All gyms must support these standard action prefixes:

- **`[action]`**: For questions, requests, or general actions
- **`[answer]`**: For providing solutions, explanations, or final responses
- **`[finish]`**: For terminating episodes
- **Domain-specific prefixes**: Add as needed (e.g., `[search]`, `[recommend]`)

### 2. Async Support

**All new gyms must implement async support:**

- Implement both `step()` and `step_async()` methods
- Implement both sync and async versions of action handlers
- Use async for LLM calls and other I/O operations

### 3. Reward System Design

- **Delta-based rewards**: Reward improvement over previous attempts
- **Step penalties**: Encourage efficiency
- **Success thresholds**: Clear criteria for episode completion
- **Normalization**: Optional reward normalization to [0,1]

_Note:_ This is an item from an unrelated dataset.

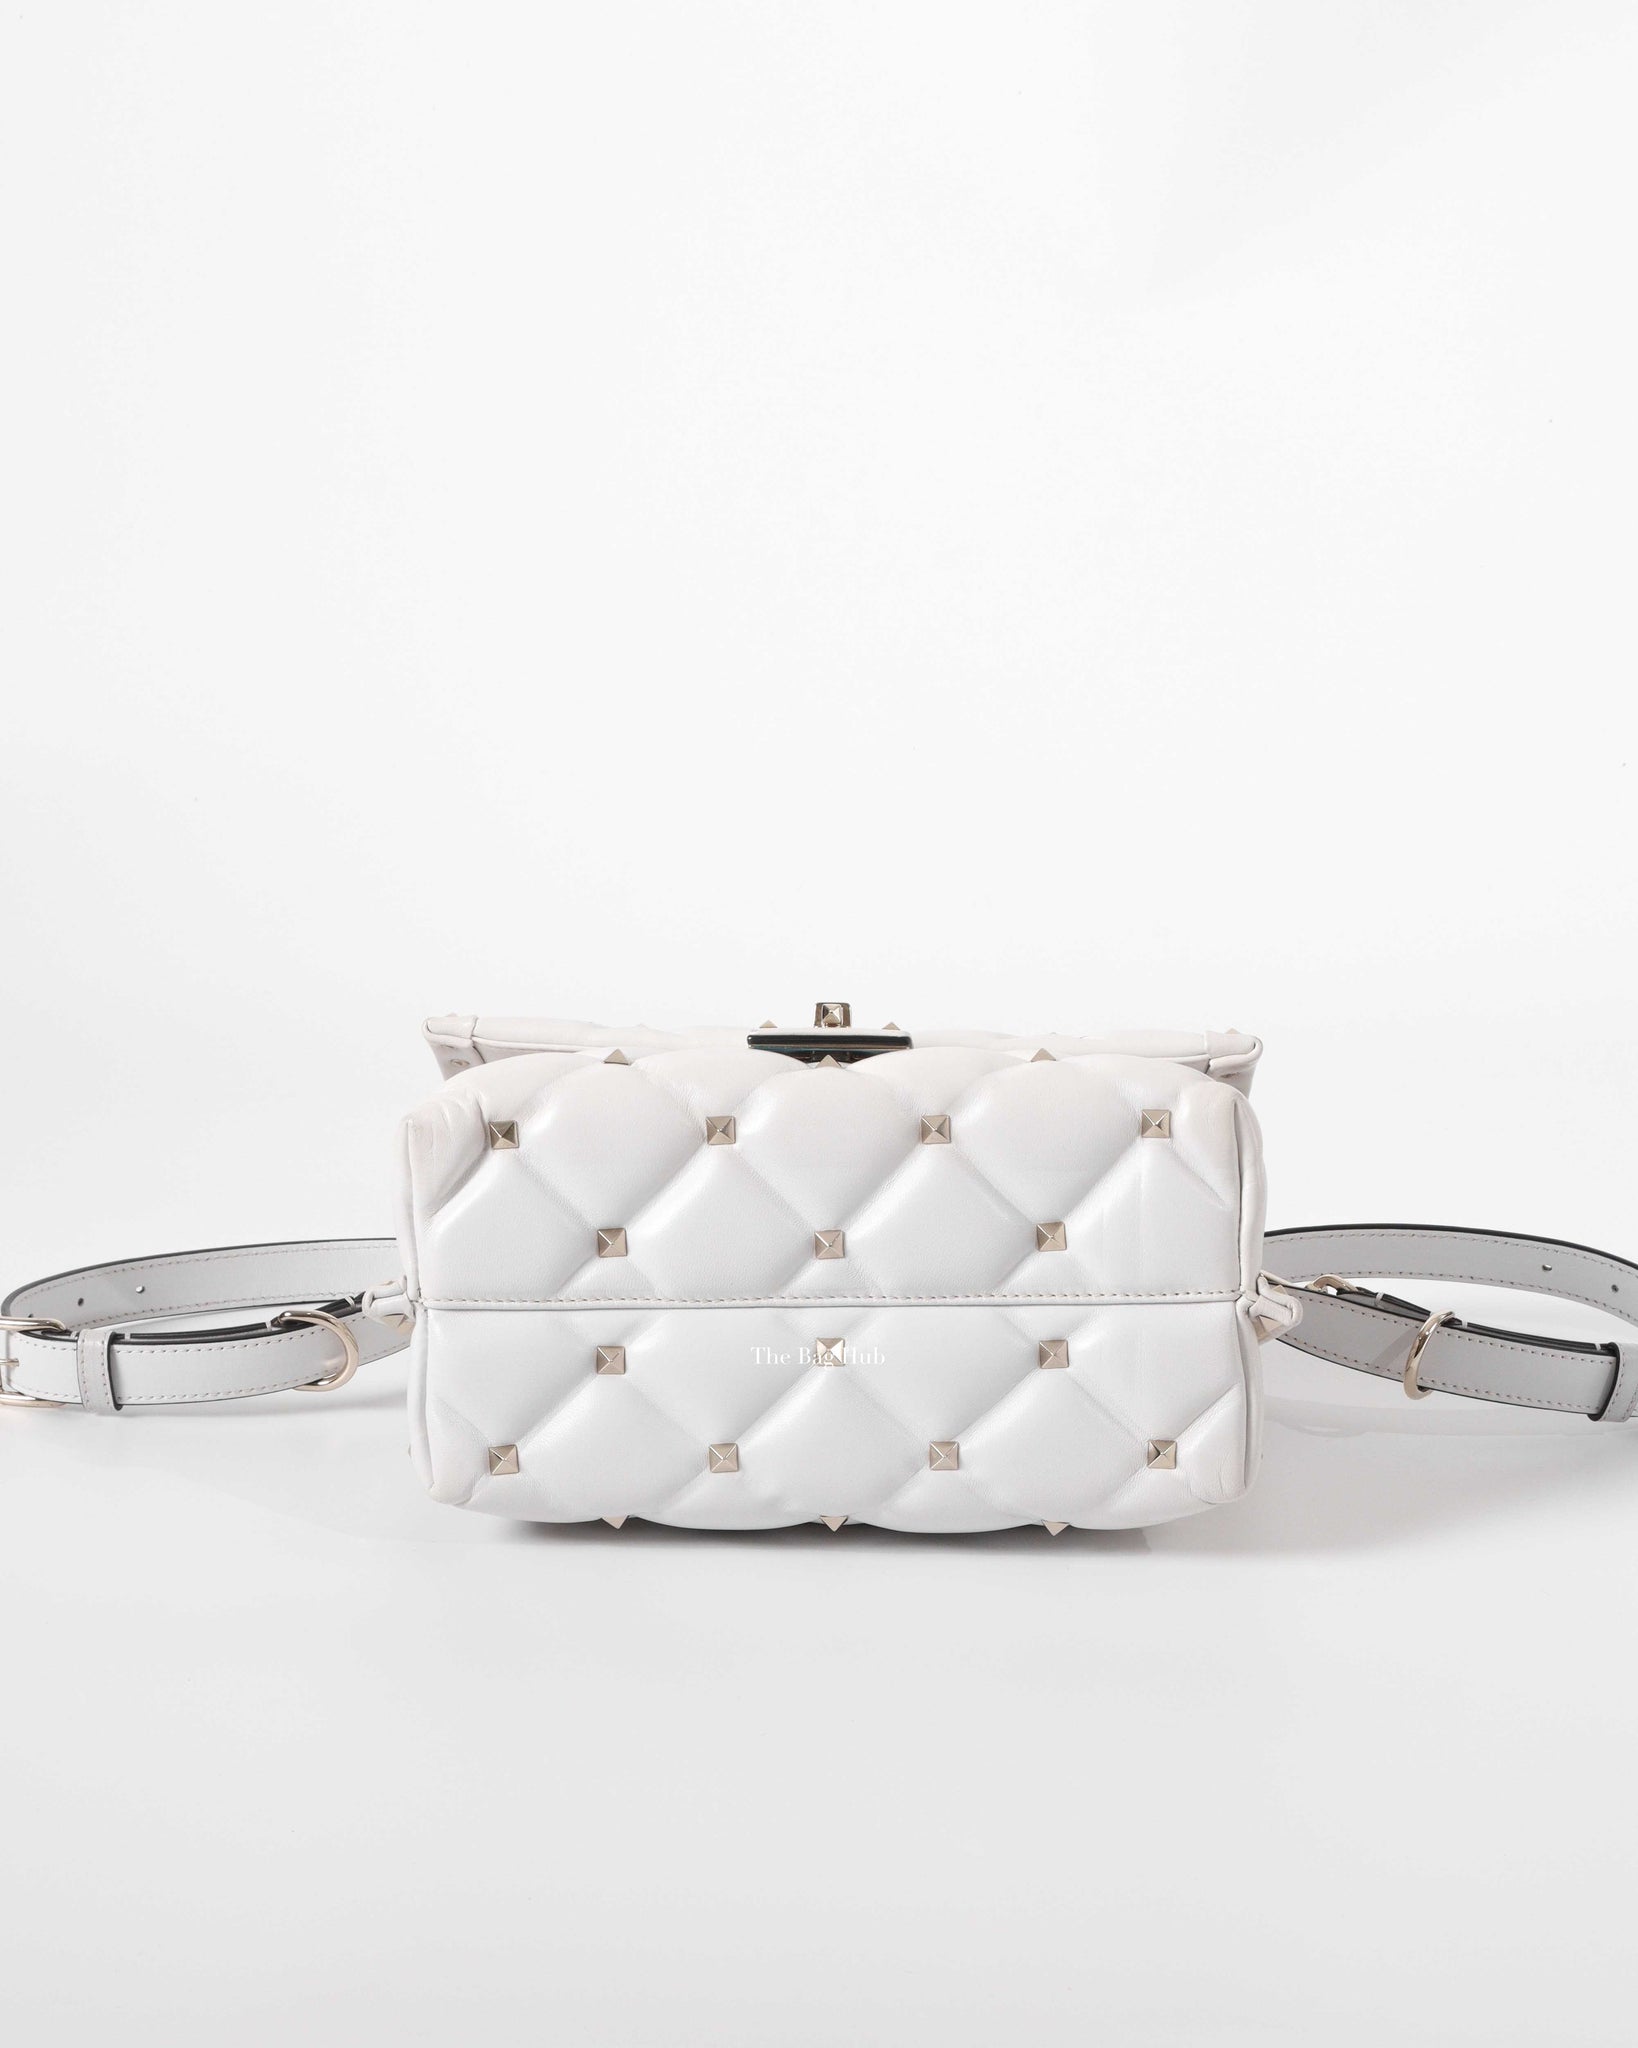 Valentino Garavani White VLTN Print Candystud Top Handle Bag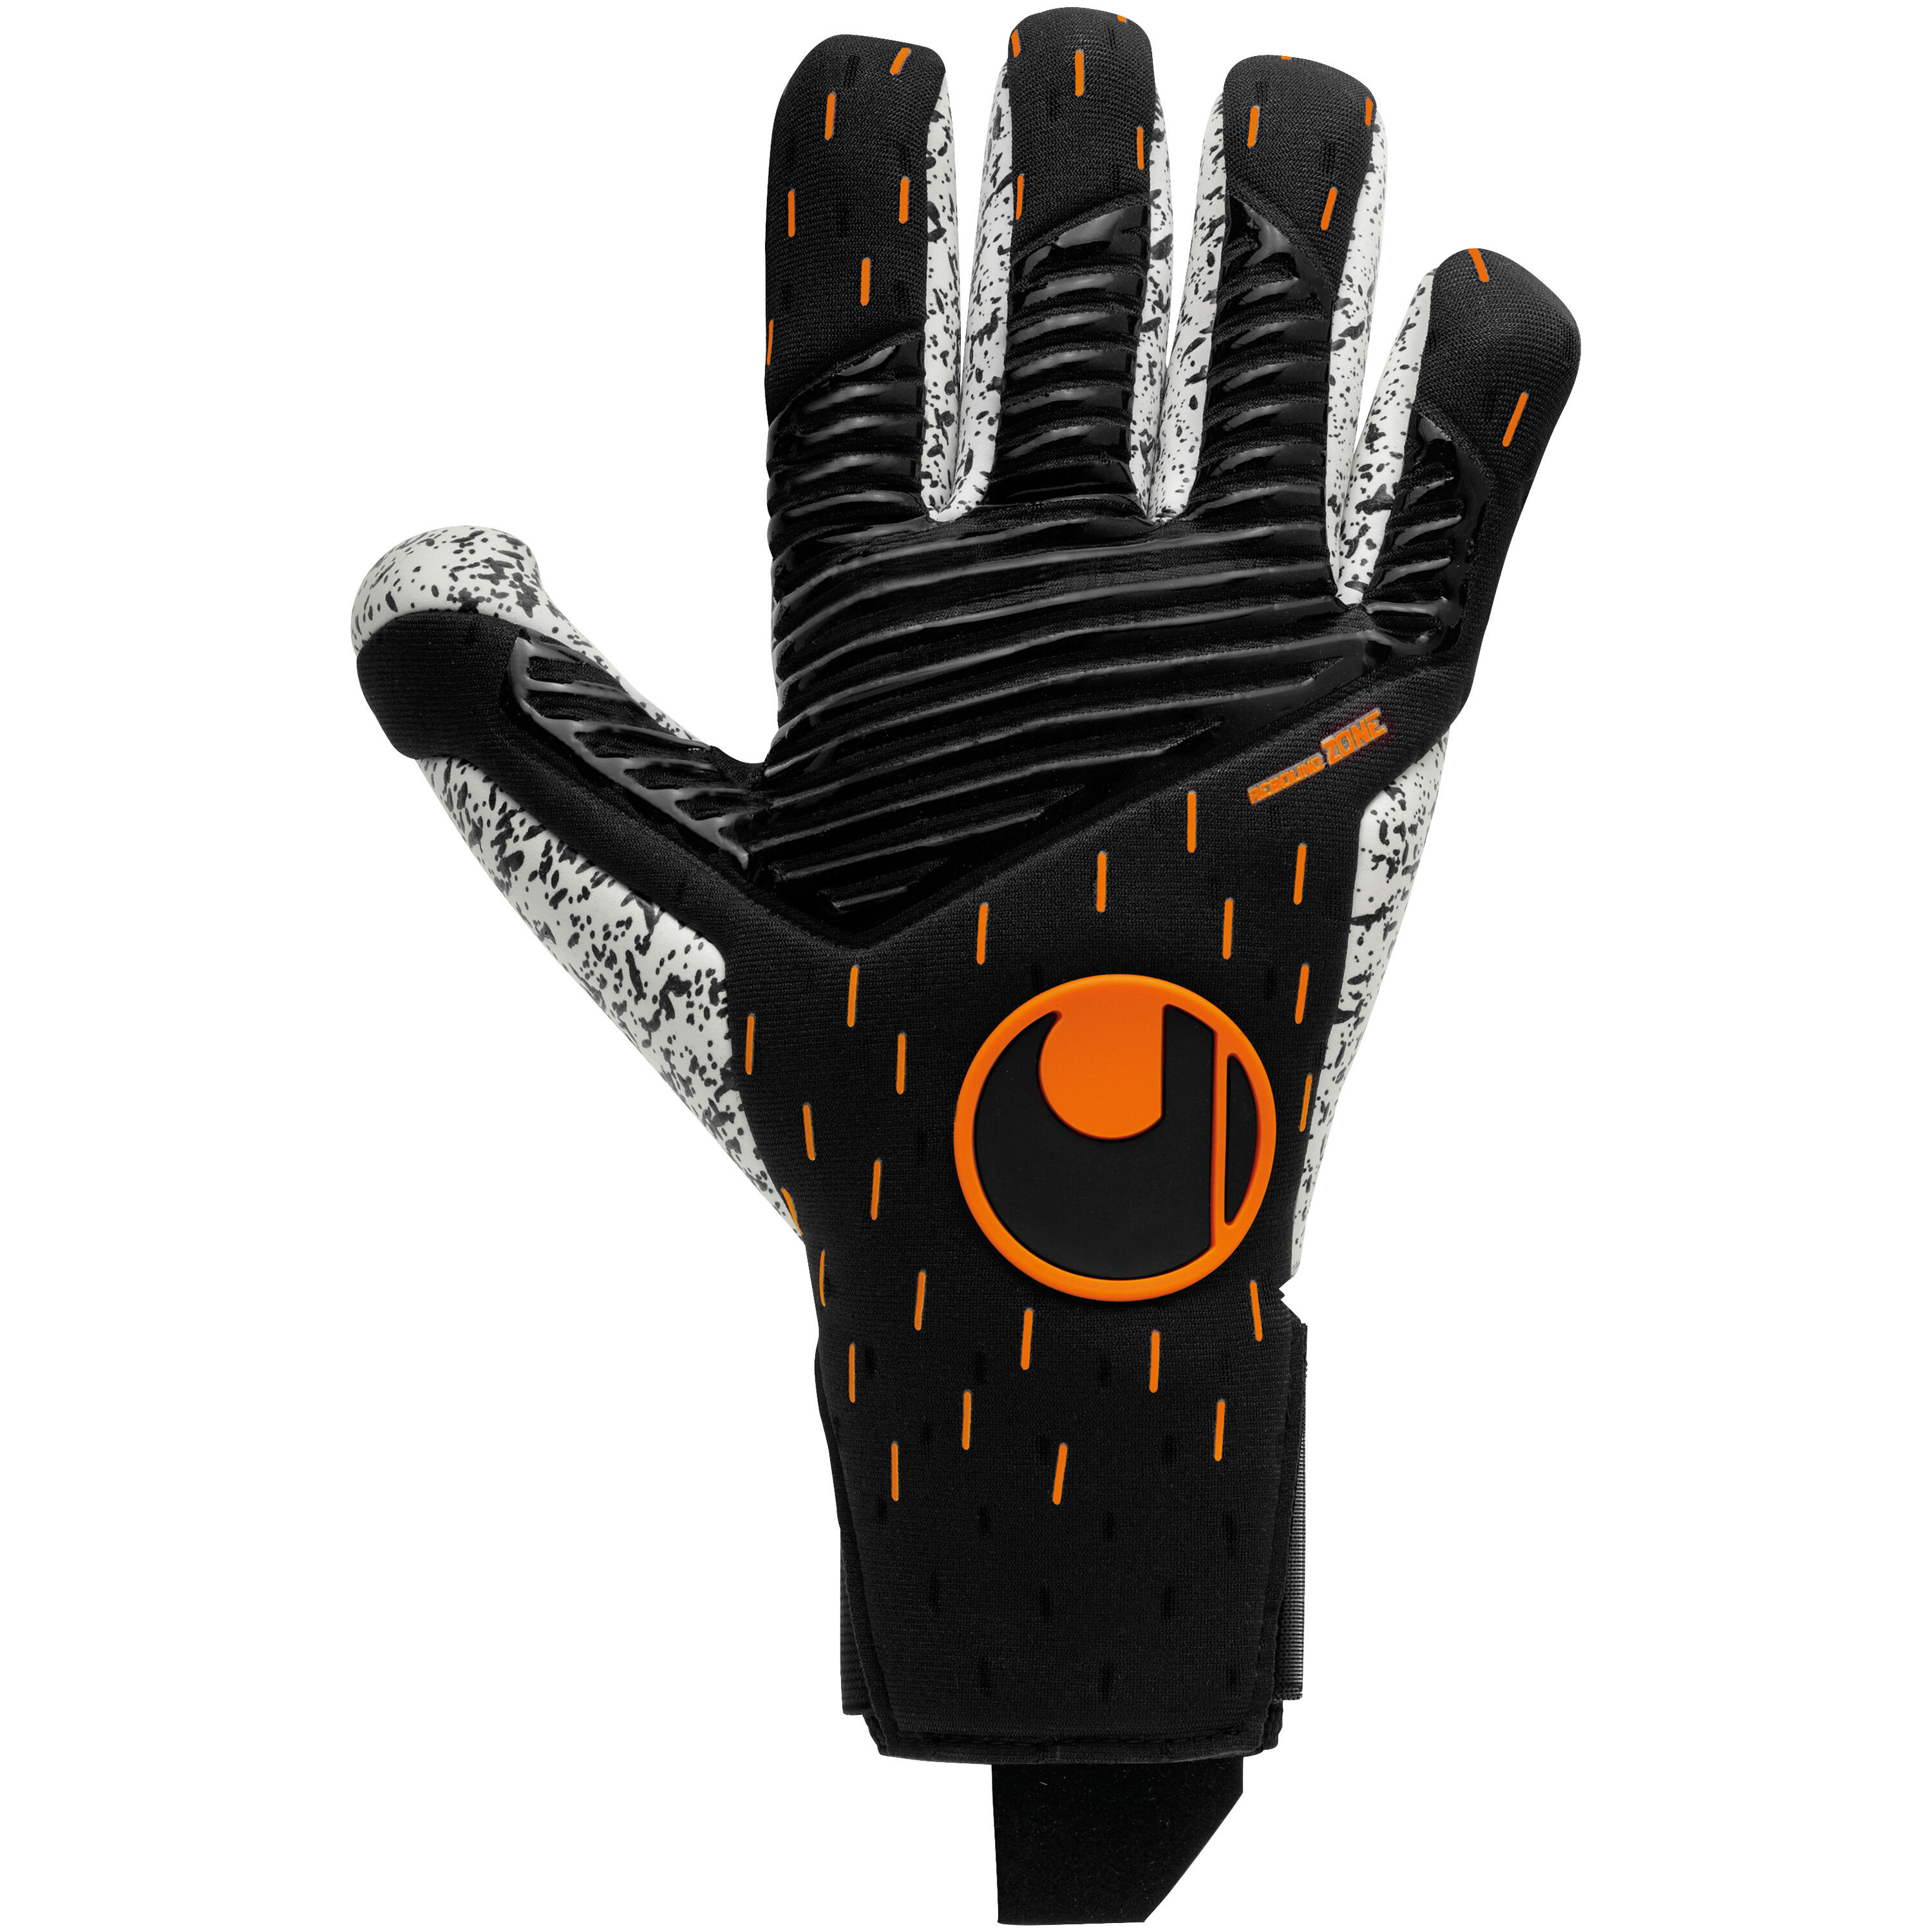 UHLSPORT Uhlsport Speed Contact Supergrip+ Finger Surround  Goalkeeper Gloves

### 4. Configuration Best Practices

- Use dataclasses for configuration
- Provide sensible defaults
- Support environment variable overrides
- Include validation methods
- Provide pre-built configurations

## Testing Requirements

### Required Tests

1. **Basic Functionality**: Environment creation, reset, step
2. **Action Processing**: All action types work correctly
3. **Async Support**: Async methods work correctly
4. **Configuration**: Different configs produce expected behavior
5. **Edge Cases**: Invalid inputs, API failures

### Test Template

```python
import yourgym
from yourgym import YourEnv, get_default_config
import asyncio

def test_basic_functionality():
    """Test basic environment operations."""
    config = get_default_config()
    env = YourEnv(config)
    
    obs, info = env.reset()
    assert "description" in obs
    
    obs, reward, terminated, truncated, info = env.step("[action] test")
    assert isinstance(reward, float)
    
    env.close()

def test_async_functionality():
    """Test async functionality."""
    async def async_test():
        config = get_default_config()
        env = YourEnv(config)
        obs, info = await env.reset()
        
        obs, reward, terminated, truncated, info = await env.step_async("[action] test")
        assert isinstance(reward, float)
        
        env.close()
    
    asyncio.run(async_test())

if __name__ == "__main__":
    test_basic_functionality()
    test_async_functionality()
    print("All tests passed!")
```

## Template Gym

A complete template gym is available in `TemplateGym/`. This template includes:

- All required files with placeholder implementations
- Both sync and async implementations
- Basic test suite
- Simple documentation

Use this template as a starting point for your gym implementation.

## Submission Process

### Pre-submission Checklist

- [ ] All required files present and properly structured
- [ ] Both sync and async step methods implemented
- [ ] README.md follows the established format
- [ ] setup.py is minimal and correct
- [ ] Basic tests pass
- [ ] Documentation is comprehensive and accurate

### Submission Steps

1. **Fork the repository**
2. **Create your gym directory** following the naming convention: `YourDomainGym`
3. **Implement all required components**
4. **Add basic tests**
5. **Submit a pull request** with:
   - Clear description of your gym's purpose
   - Link to your gym's README
   - Test results

### Review Process

Your submission will be reviewed for:

- **Code Quality**: Clean, well-documented, follows patterns
- **Functionality**: Works as described, handles edge cases
- **Async Support**: Proper async implementation
- **Documentation**: Clear, comprehensive, follows format
- **Testing**: Basic test coverage

## Support

If you have questions about contributing a gym:

1. **Check existing gyms** for similar patterns
2. **Use the template gym** as a reference
3. **Open an issue** for specific questions

Remember: The goal is to create consistent, high-quality gyms that enable meaningful research while maintaining established patterns and standards.